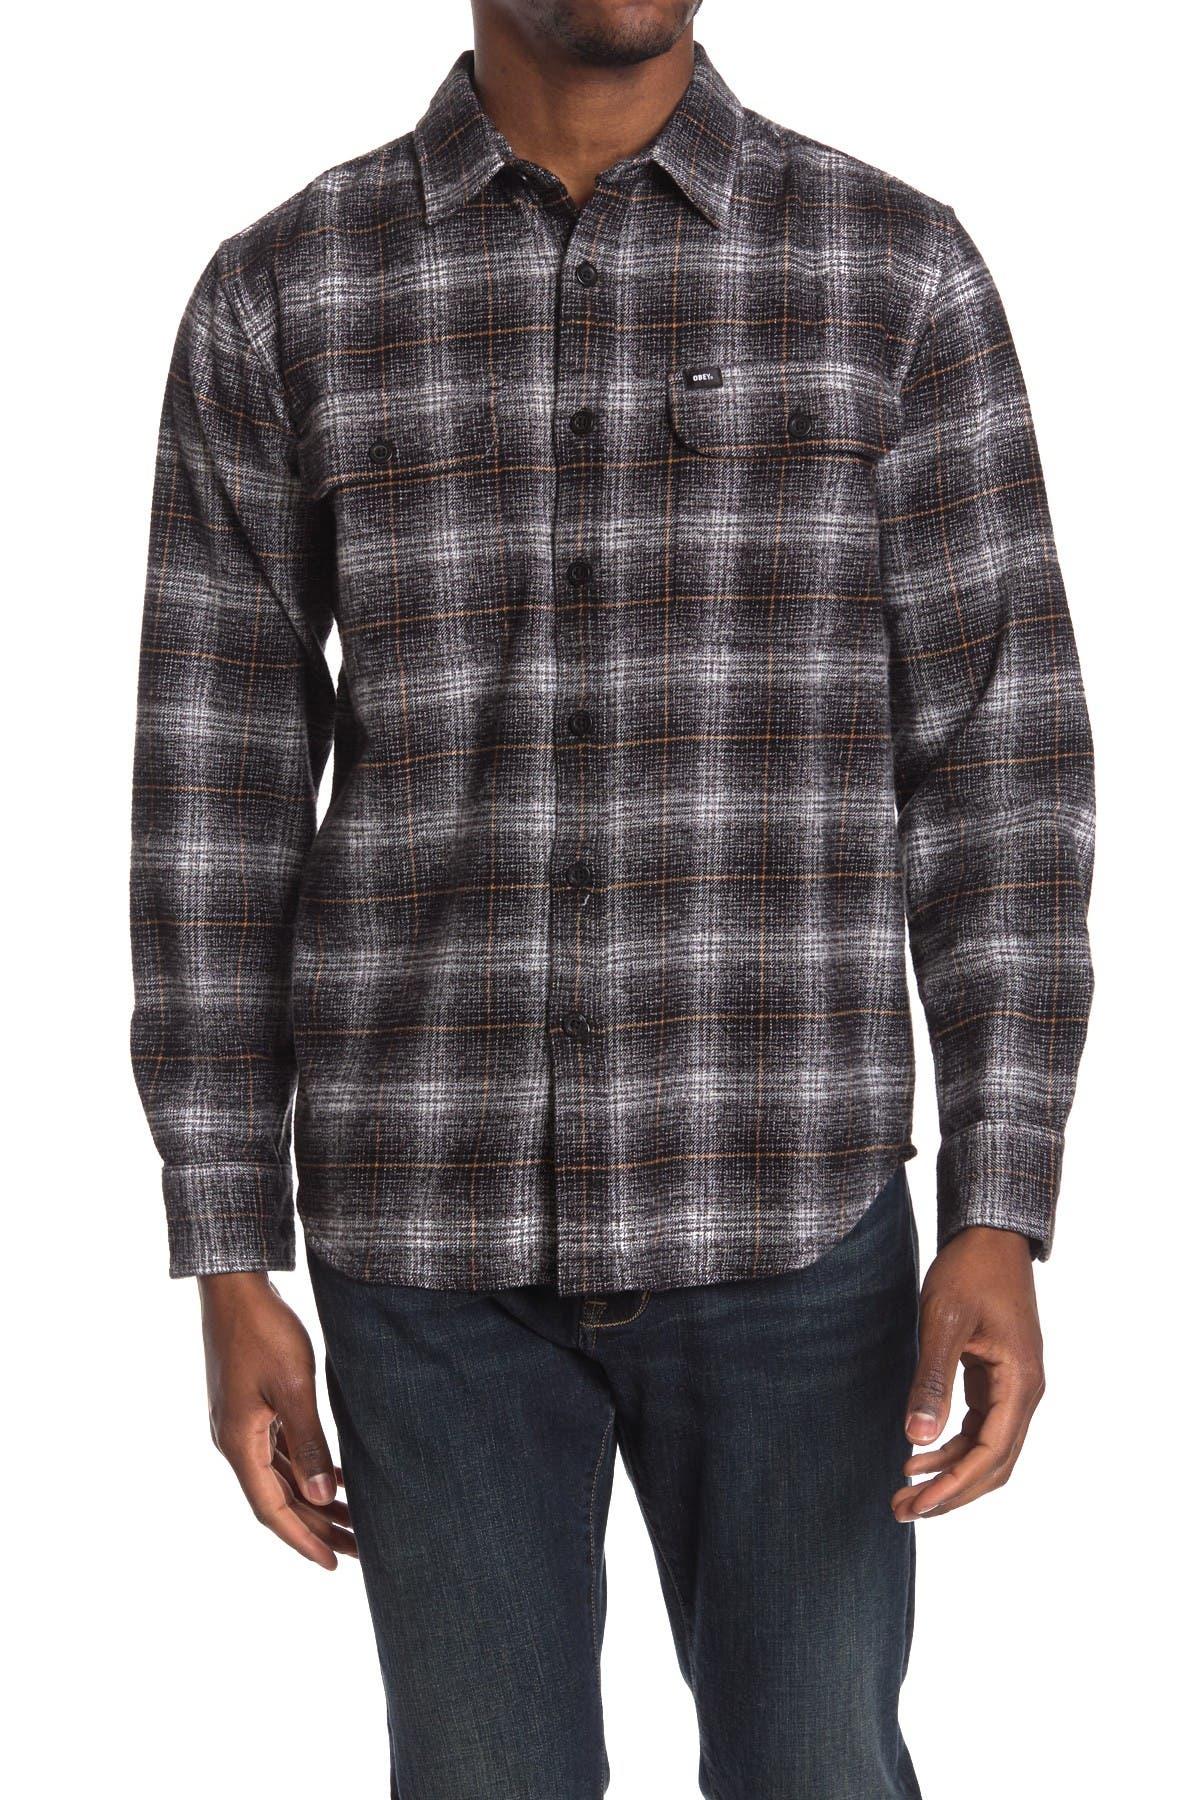 Image of Obey Shriner Woven Long Sleeve Regular Fit Shirt
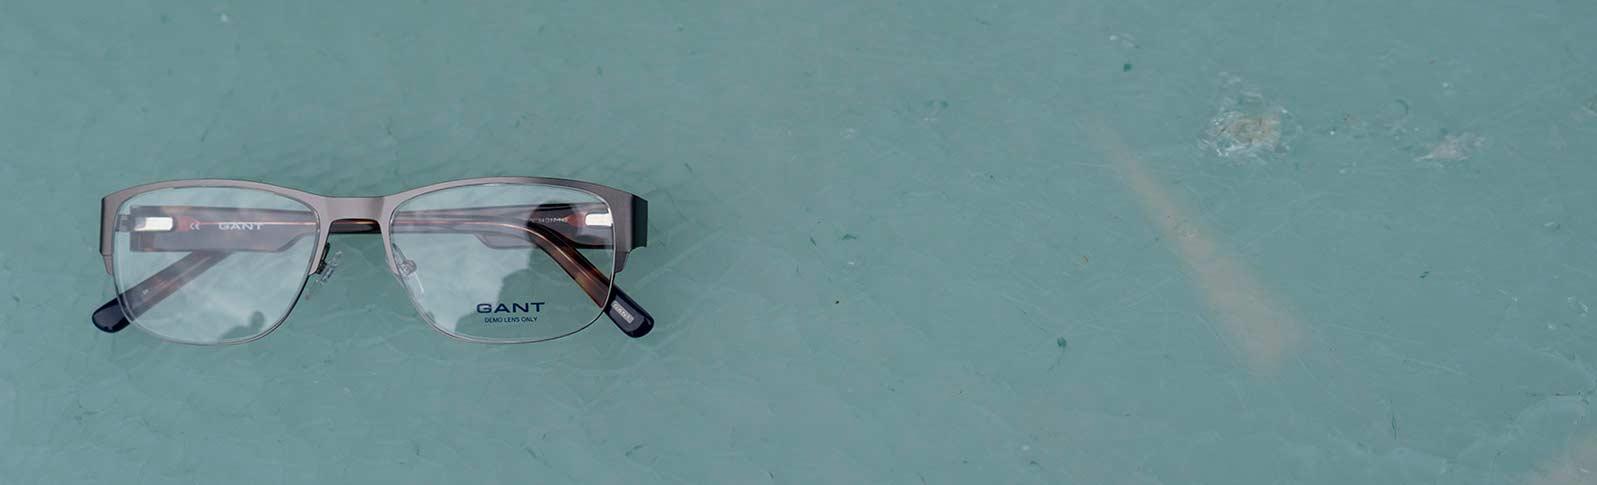 Briller fra Gant på et bord
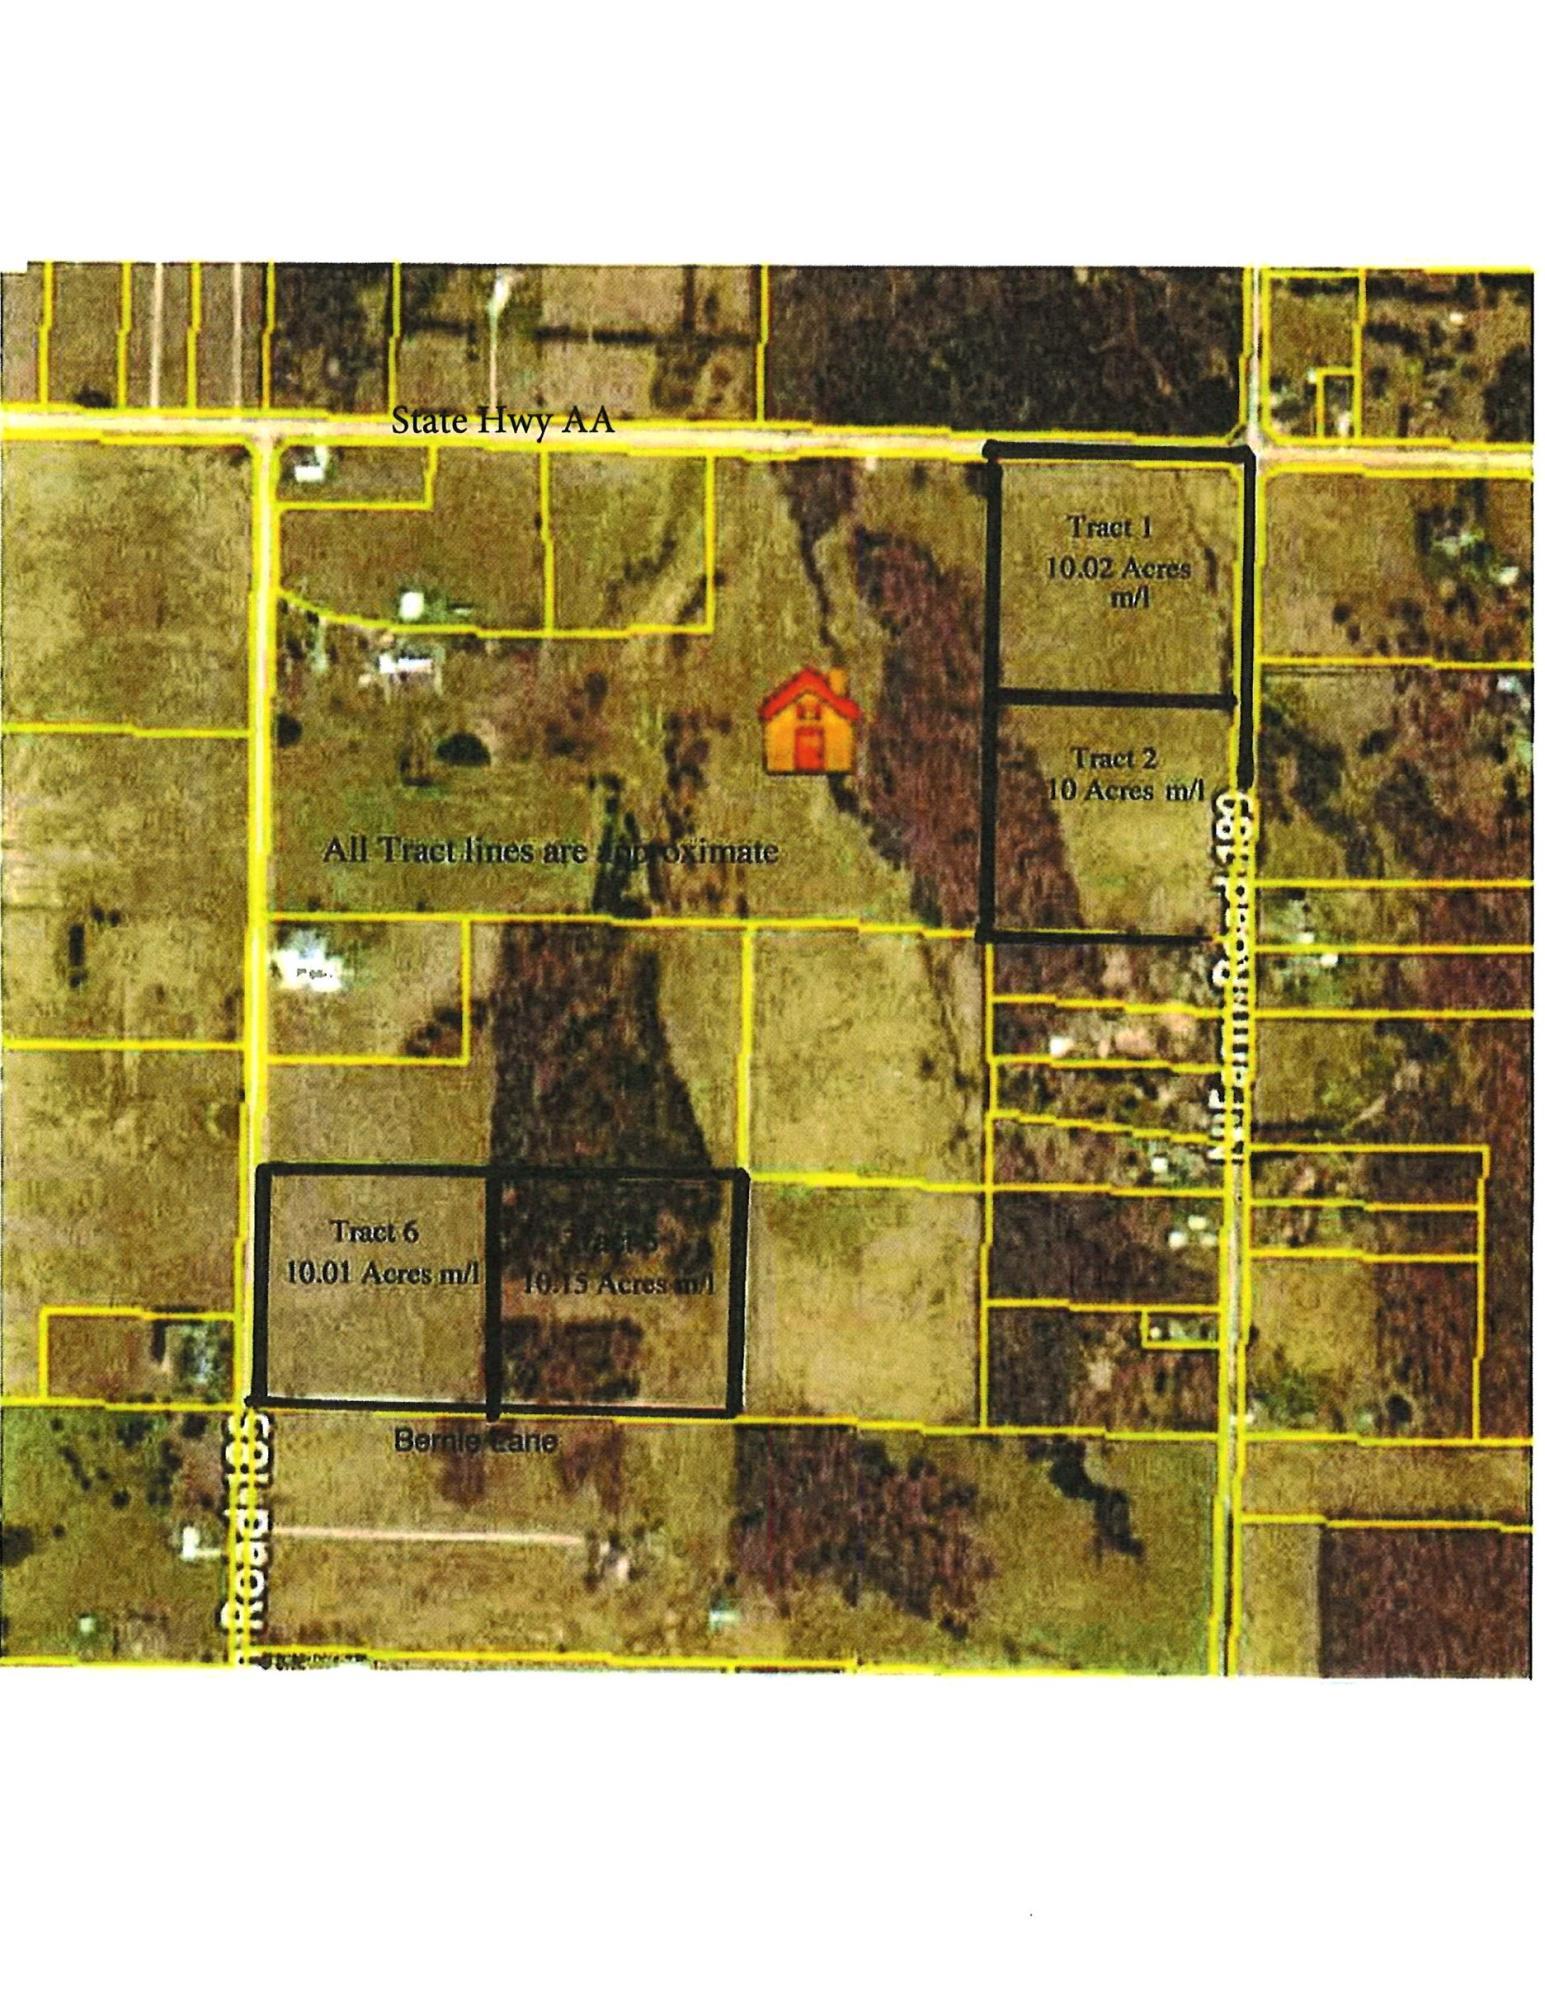 T 2 North Farm Road 189 Springfield, MO 65803
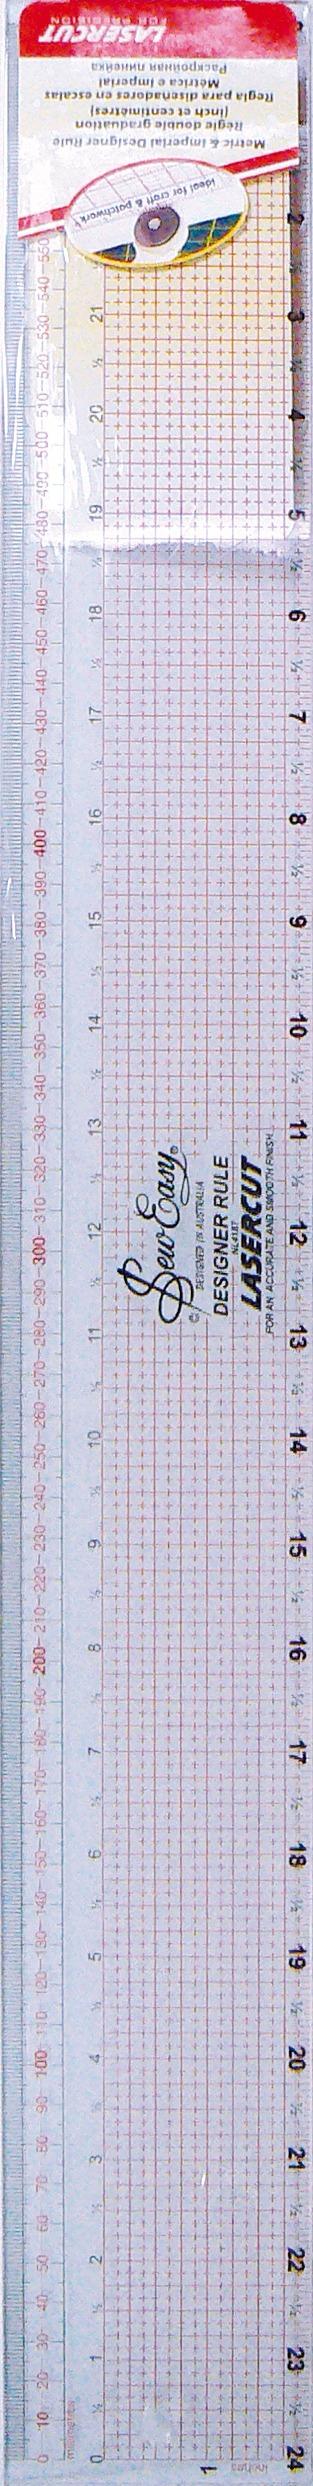 Regle sew easy 61 cm. / 24 inch

Exercise details: All of the data above needs to be given again exactly. Leave out each image.

Solution for this exercise:
 Image of Obey Shriner Woven Long Sleeve Regular Fit Shirt
 Briller fra Gant på et bord
 T 2 North Farm Road 189 Springfield, MO 65803
 Regle sew easy 61 cm. / 24 inch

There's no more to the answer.